By the third trip, Robert Yanagisawa's team from Mount Sinai was ready to begin empirically assessing the impacts. In a study later published in the book Mental Health and Social Issues Following a Nuclear Accident: The Case of Fukushima, a survey was conducted with Japanese participants in the exchanges. The results showed overwhelming support for the program. “There are unique sentiments shared only by those who experienced disasters. Please continue this support program,” said one respondent. “Regardless of the cause, disaster always brings tragedy. We always need to support each other and I would like to continue such efforts,” said another.
Yanagisawa noted that such large disasters spawn many different experiences and many different struggles among those impacted, but both sides repeatedly found common threads with one another, such as “survivor’s guilt,” or one situation where firefighters on both sides were able to relate the trauma involved with being first responders. But there were also cultural differences, such as a higher aversion in Japan to discussing problems and personal feelings so openly.

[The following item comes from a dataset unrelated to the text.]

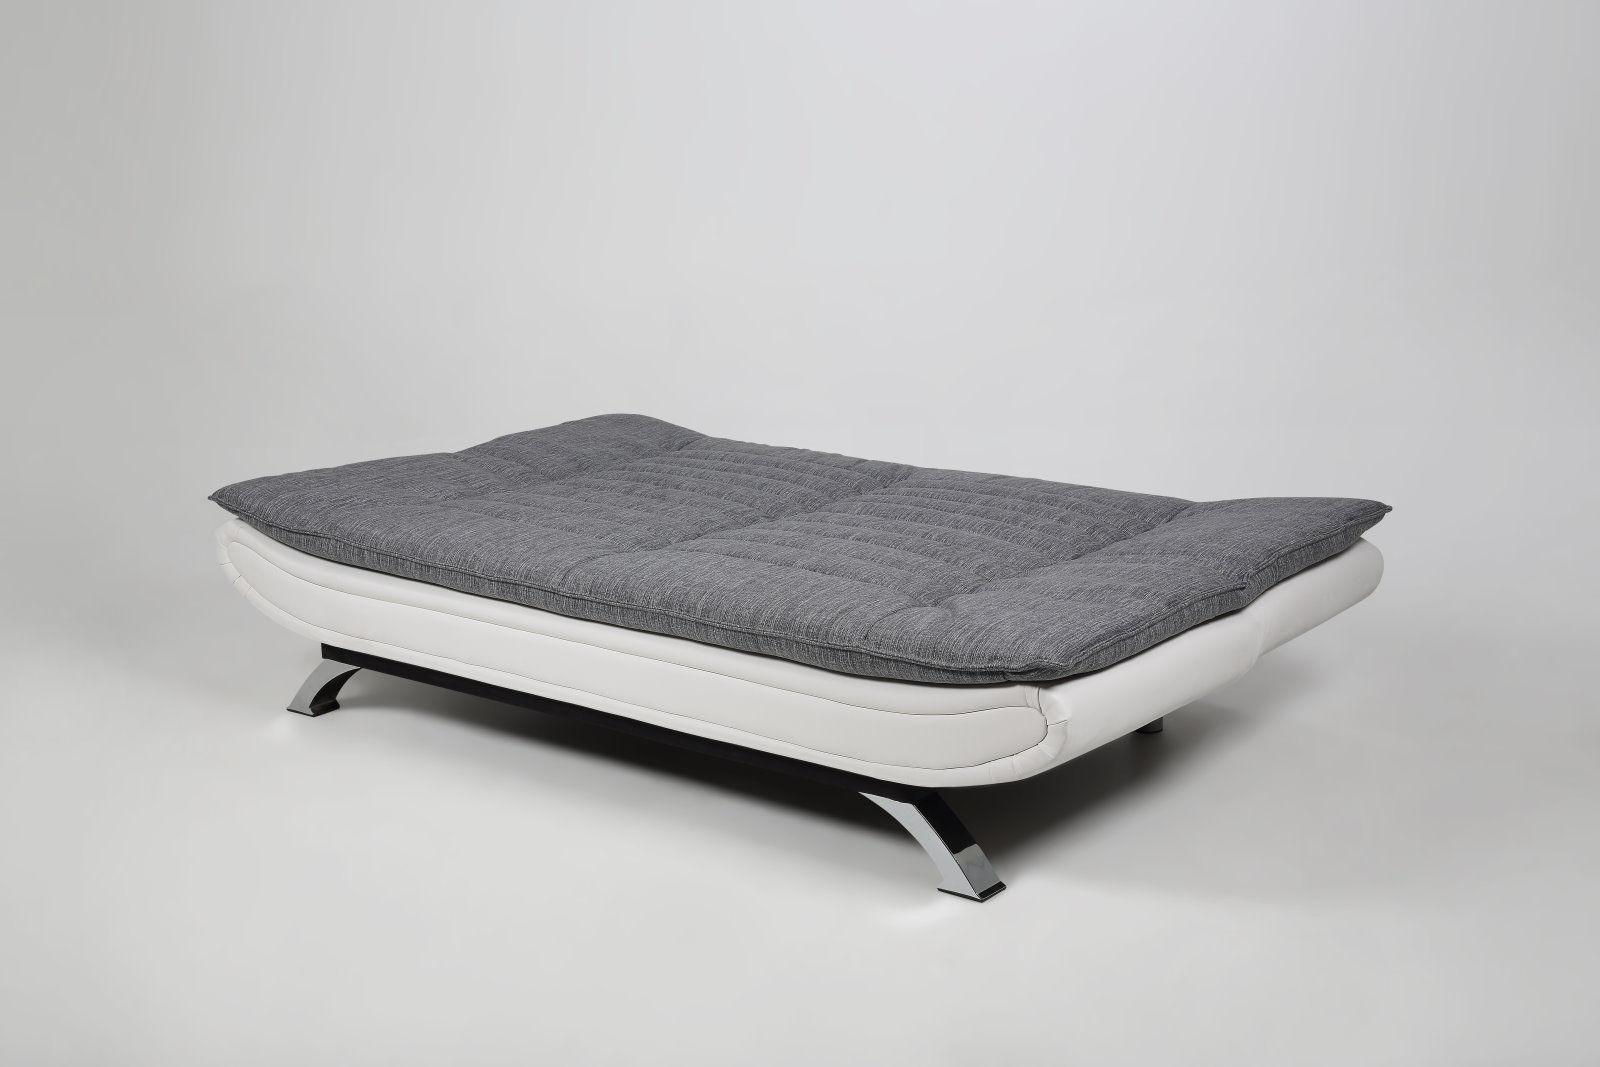 Pkline Schlafsofa Weiss Grau Schlafcouch Funktionssofa Gaste Bett Couch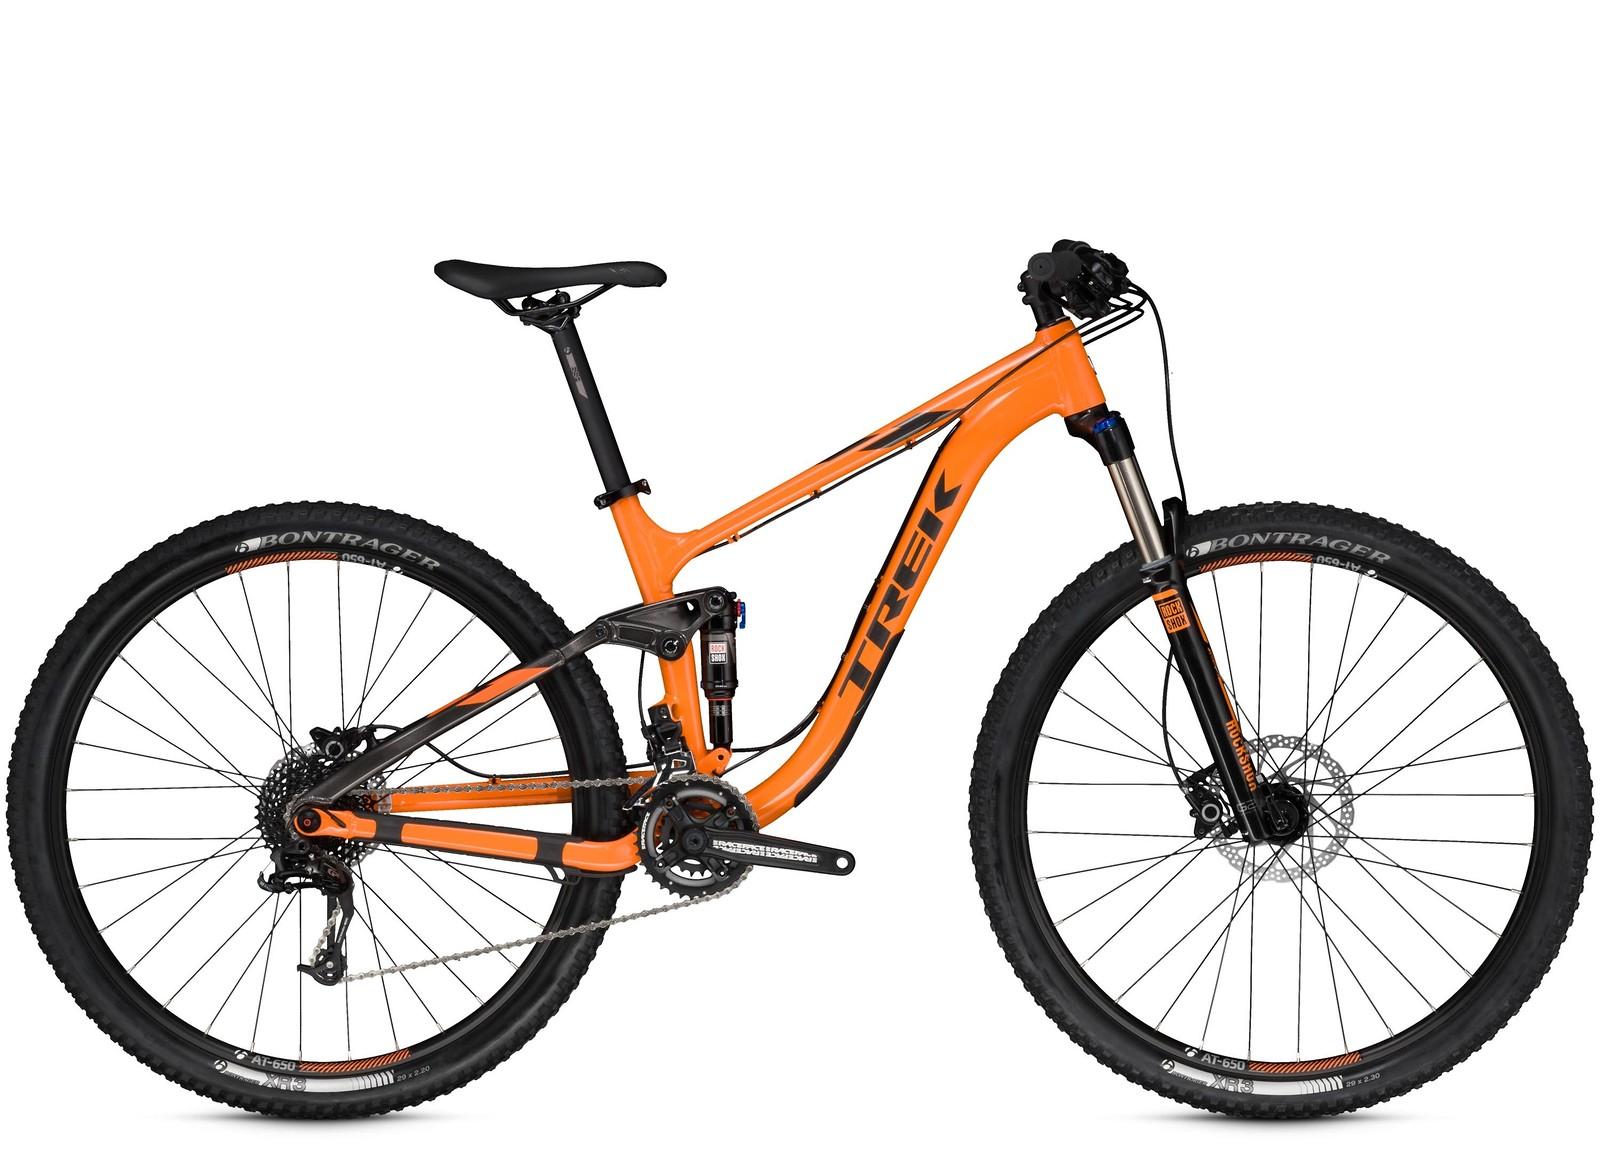 Trek Fuel EX 5 29 - FredLikesTrikes - Mountain Biking Pictures - Vital MTB

But even this issue was overcome in most cases. “After hearing the 9/11 stories, [the Japanese] really approached [9/11 docents] individually,” Yanagisawa said. “In the end, we created a situation for Japanese survivors to talk about their losses and what happened. Nobody really had to pry information out of them.”
Yanagisawa also noted that, while support groups are common all over the world — including in Japan — the international element of the 3/11-9/11 exchanges appears to have added benefits. He says that despite the vast media coverage disasters initially receive, the general public’s interest inevitably wanes as time goes on. This leaves many survivors feeling that people have forgotten. “But having a really international outreach signifies that someone they never imagined still knows what’s happening and cares about them,” he said. “So I think it’s even more dramatic when someone from the other side of the Earth comes with open arms and wants to be like a family and stay connected.”
Another finding from the survey suggested that these exchanges can have “a ripple effect” in the communities they reach. One respondent emphasized the Japanese concept of otagaisama (lending a helping hand), and said that after being “deeply touched” by the 9/11 docents' efforts, he wanted to support shelters that still house victims. According to the report, “several expressed interest in incorporating what they had learned about disaster psychiatry into their vocational work as public speakers, firefighters, and radio show hosts.”
The exchanges have also left lessons that could potentially be applied to future tragedies. The authors of the study concluded that such programs represent “untapped potential” in the form of peer support in sustained disaster response. “We traditionally think of disaster relief as involving the deployment of supplies and professionals into disaster-affected communities,” the study said. “But, we propose that such a view overlooks as inexpensive and natural of a resource for recovery that exists — the human reflex to comfort and to gather in the face of adversity.”
Ann Van Hine recalled that on her second trip to Japan in 2014, she noticed that the looks of being on “autopilot” had begun to dissipate among many of the Japanese survivors she’d met on her previous visit. “There were more smiles — they'd sort of established their new normal,” she said. “That’s what my daughters and I started calling it a couple years after September 11. It will never be normal again, but there's a new normal, and that's what I felt they were doing in Japan — they were working on their new normal.”